Thursday, January 28, 2010

Index Of .3gp What Is The Difference Between Option On Stock Index And Option On A Stock Index Future?

What is the difference between option on stock index and option on a stock index future? - index of .3gp

I understand this option. But what is the difference between options on futures on stock indexes and options on stocks in the index?

2 comments:

Alex said...

The difference is that an option on a stock index of the effective index as the underlying. Thus, for the S & P 500 (SPX) options on the CBOE, the most important instrument is traded, the current S & P 500, which cites a lot of television and newspapers. These options are cash settled.

In addition, an option on a stock index future is the current futures contract, that the underlying indices. Thus, for options on the S & P 500 futures (eg E-mini, ticker-ES), which is on the CME, listed the basic tools are the E-mini futures contract. These options will be settled in cash (quarterly options) or lying futures contract next (standard) functions. For example, the choice of September September futures and underlying cash settlement of options is forfeited to the relevant underlying futures contract. August-options have the same futures contract for September, when the underlying, but since the options expire on 1 August of last month, will be based in the futures contract in September.

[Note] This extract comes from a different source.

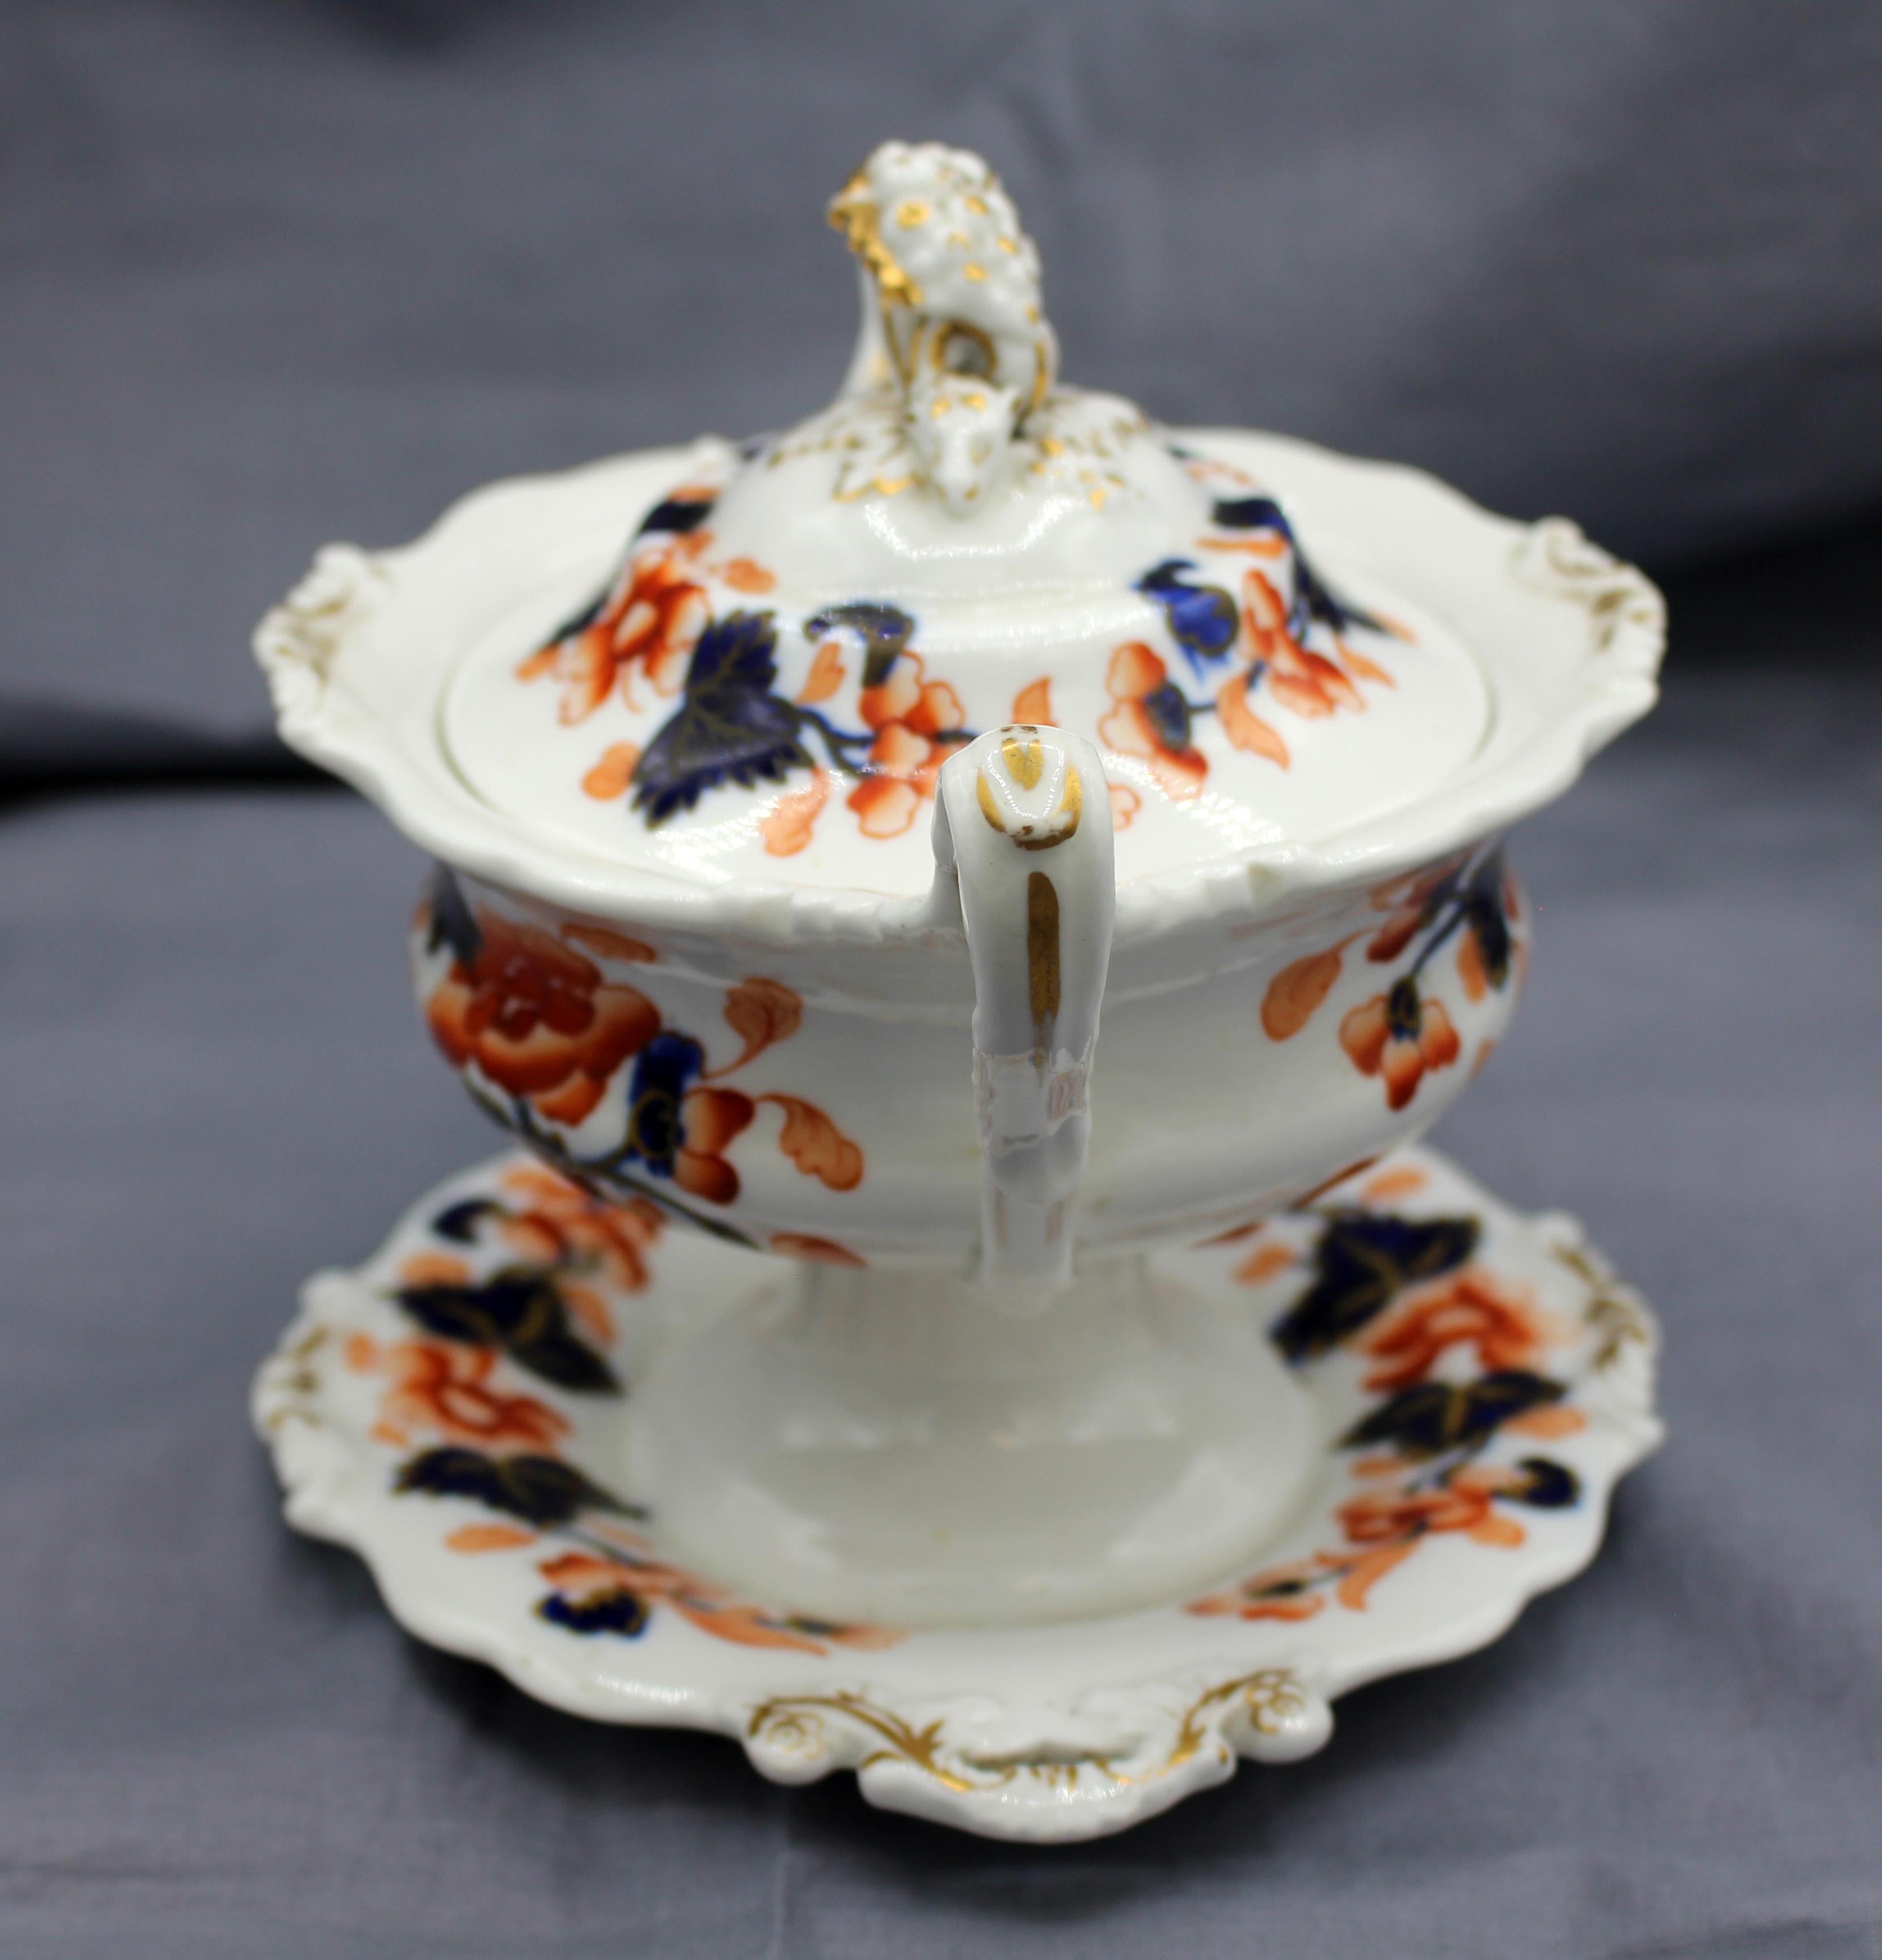 Circa 1830 English Classical period ironstone sauce tureen, integral stand & cover, Imari pattern. Finial a cornucopia with head of a fawn tip.

This does not applyseems a very good thing, until it make a difference in timing, where you can have two options, the different underlying contracts, so that you are at the risk of further base. This risk is not in the options of the cash index, all maturities of the underlying.

There are also differences in the form of cash and options on index futures margin. Index options, which in the cash reg. T, while the options for the future SPAN margins.

Another difference, this rule applies if you pay taxes in the United States, is that futures and options futures have favorable tax treatment (40/60).

real estate said...

The difference is, its underlying assets. The first value is the index of stock prices and the value of the second is based on futures based on stock indices.